What Stablecoins Are Covered?

  • Only single-currency stablecoins (SCS) pegged to the Singapore Dollar (SGD) or a G10 currency (e.g. USD, EUR, JPY).
  • Issuers must be based in Singapore.
  • Stablecoins pegged to other assets, or issued outside Singapore, will remain under the current digital payment token (DPT) rules.

Key Requirements for “MAS-Regulated Stablecoins”

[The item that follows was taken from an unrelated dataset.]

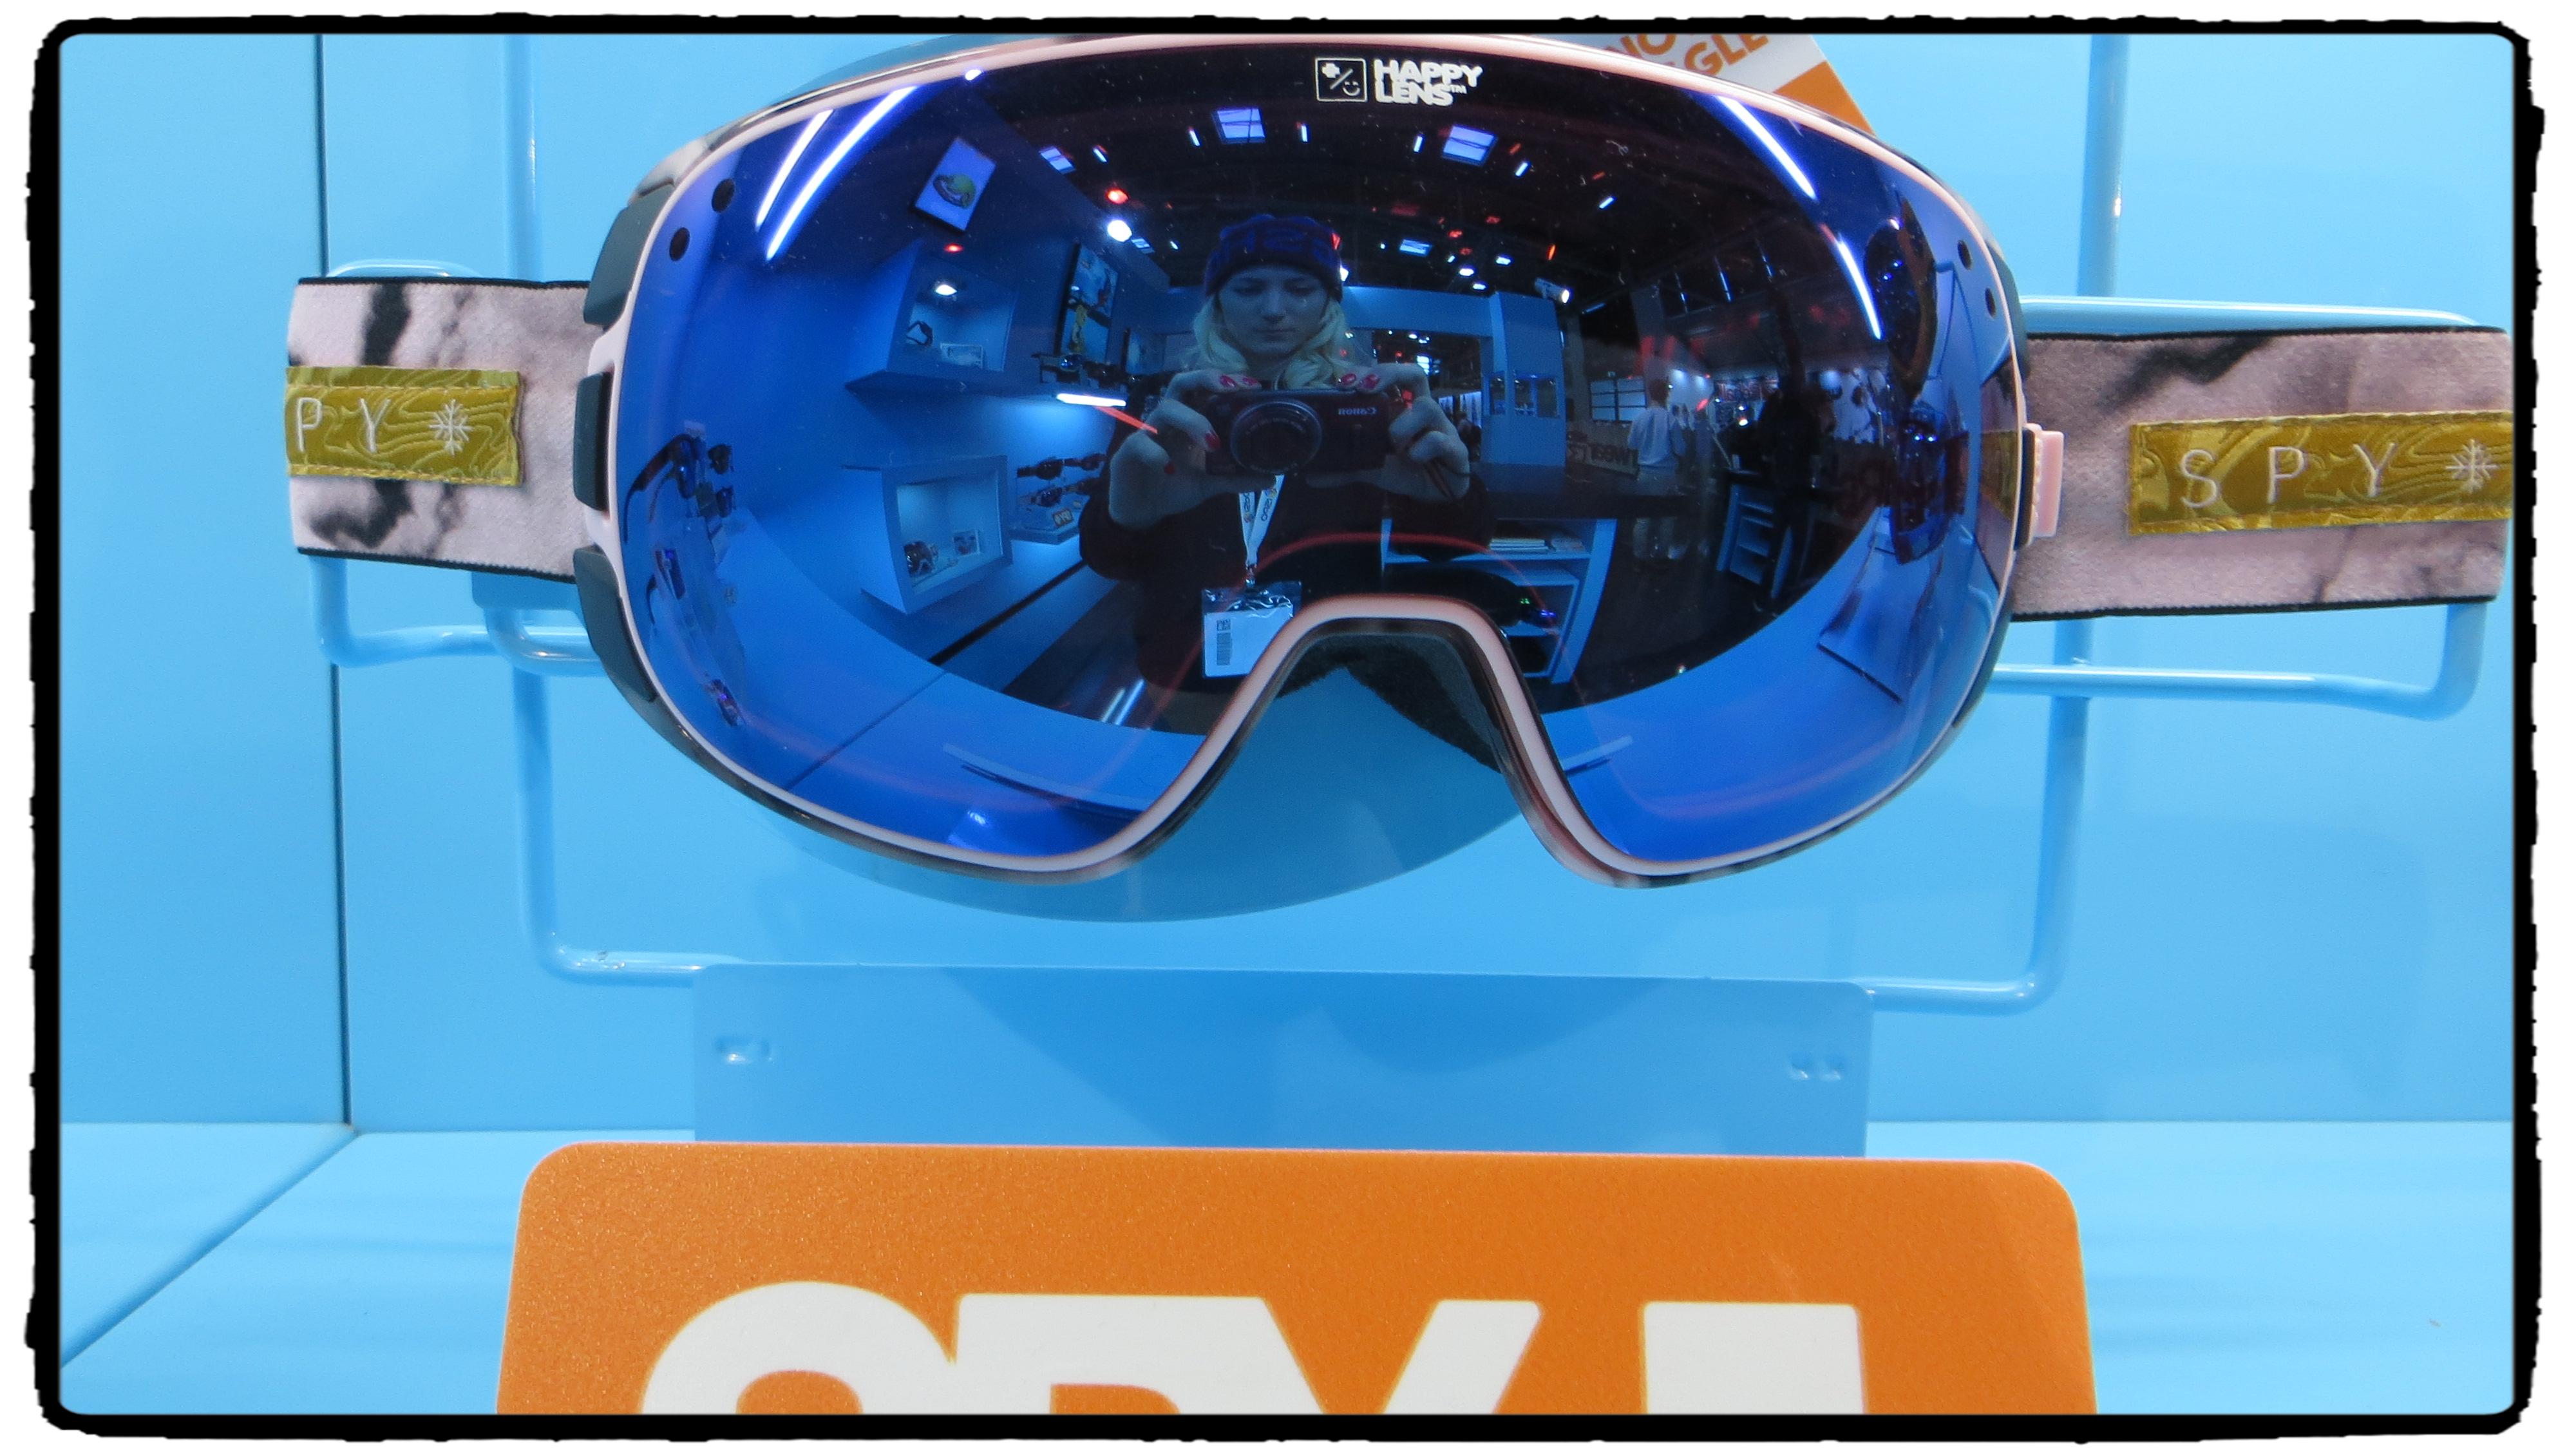 a0e876433c ISPO 2015 - Spy Bravo Goggles

To be recognised and labelled as an MAS-Regulated Stablecoin, issuers will need to meet strict conditions:

  1. Reserve Asset–Reserve assets must always equal 100% of coins in circulation, with monthly independent checks and annual audits.
  2. Segregation/Custody of Reserve Assets–Assets must be held separately with approved custodians.
  3. Base Capital/Solvency–Minimum S$1 million or 50% of annual operating costs, whichever is higher.
  4. Redemption at par–Users can redeem at par value within five business days.
  5. Value stability–Issuers must publish a clear whitepaper with details on the coin’s stabilisation mechanism, risks, and audit results.
  6. Disclosure–Issuers will have to provide appropriate disclosures to users through a whitepaper on stablecoins’ value stabilising mechanism, technology, risks, rights, and the audit results of reserve assets.
  7. Business Restrictions–Issuers can only issue stablecoins; no lending, staking, or unrelated ventures.
  8. Singapore-only issuance–At the start, MAS-regulated stablecoins must be issued solely out of Singapore.

Why It Matters

  • This framework is not yet in force—MAS will release further details, legislation, and transition timelines later.
  • Importantly, it applies only to SGD and G10-pegged stablecoins. Other tokens will continue under Singapore’s DPT regime, or even under the Securities and Futures Act (SFA) if treated as securities.

The bottom line: MAS wants to make stablecoins safer, but only those fully backed and pegged to SGD or a major global currency—and issued in Singapore—will qualify as “MAS-Regulated Stablecoins.”